Sean stood up. ‘Where to now?’ he asked.
No answer. The man clamped one handcuff bracelet round Sean’s wrist, the other round his own, and led him out into the long, echoing corridor. As they went down a staircase Sean thought wearily: Another interrogation, more questions – ‘Do you know him? Did you do this?’ ‘I am a soldier of the Irish Republic, I have nothing to say’ - again and again and again. Or had the detective, Davis, managed something at last?

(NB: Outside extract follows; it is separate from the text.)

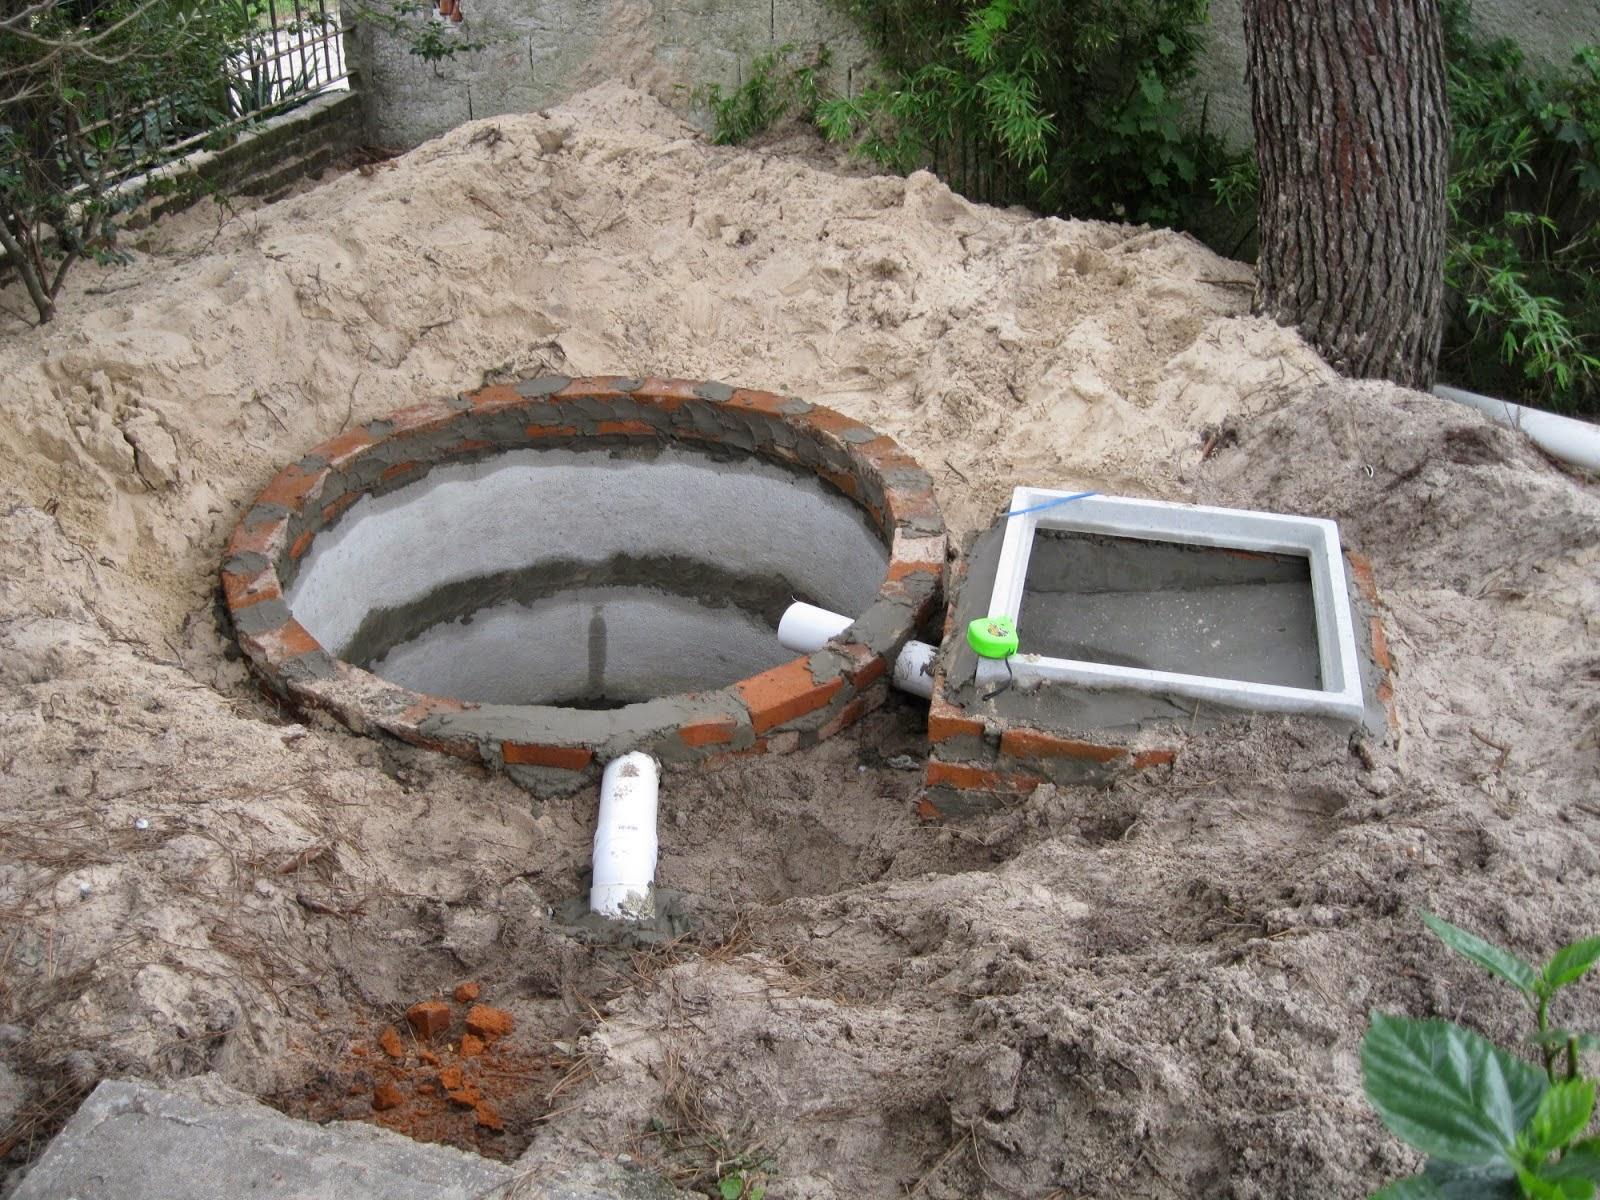 Limpieza de fosas s pticas desatascos en cornell 663 - Construir fosa septica ...

There it was - the niggling, irritating weakness of hope, followed always by the disappointment which made him weaker than before. I must suppress it, he thought. I’m a martyr; I’ll never get out. Think that, and be strong.
Kee was in the interview room, as he had expected.
So was Catherine.
She was wearing a pale-pink dress with white lace at the throat and a single pearl on a gold chain round her neck. Her eyes were wide and shining as though she might have been crying. She smiled at him.
‘Hello, Sean.’
Sean had been so obsessed with his own fears that he had scarcely thought about her consciously for three days. She had surfaced only in his dreams, and in those last moments before he fell asleep. Even then he had tried to suppress the memories as being unnecessary, likely to weaken him when he needed all his strength. Now he was stunned by the femininity of her body, the tantalizing scent that came from her, the thought that he had kissed that face, that neck, the breasts under that dress …
He looked away from her, to Kee, and saw a broad, cunning grin on the man’s face. Damn him, Sean thought, he knows exactly what I’m thinking. The man’s enjoying this.
Kee said: ‘Miss O’Connell-Gort has come to visit you. You have ten minutes. The warder will stay with you but I will spare you my presence. I hope she persuades you to tell the truth.’
He went out and closed the door. The warder sat down on a chair by the wall. Sean sat at a table facing Catherine.
‘Sean. How are you? Have they hurt you?’
She reached out her hands across the table to touch his.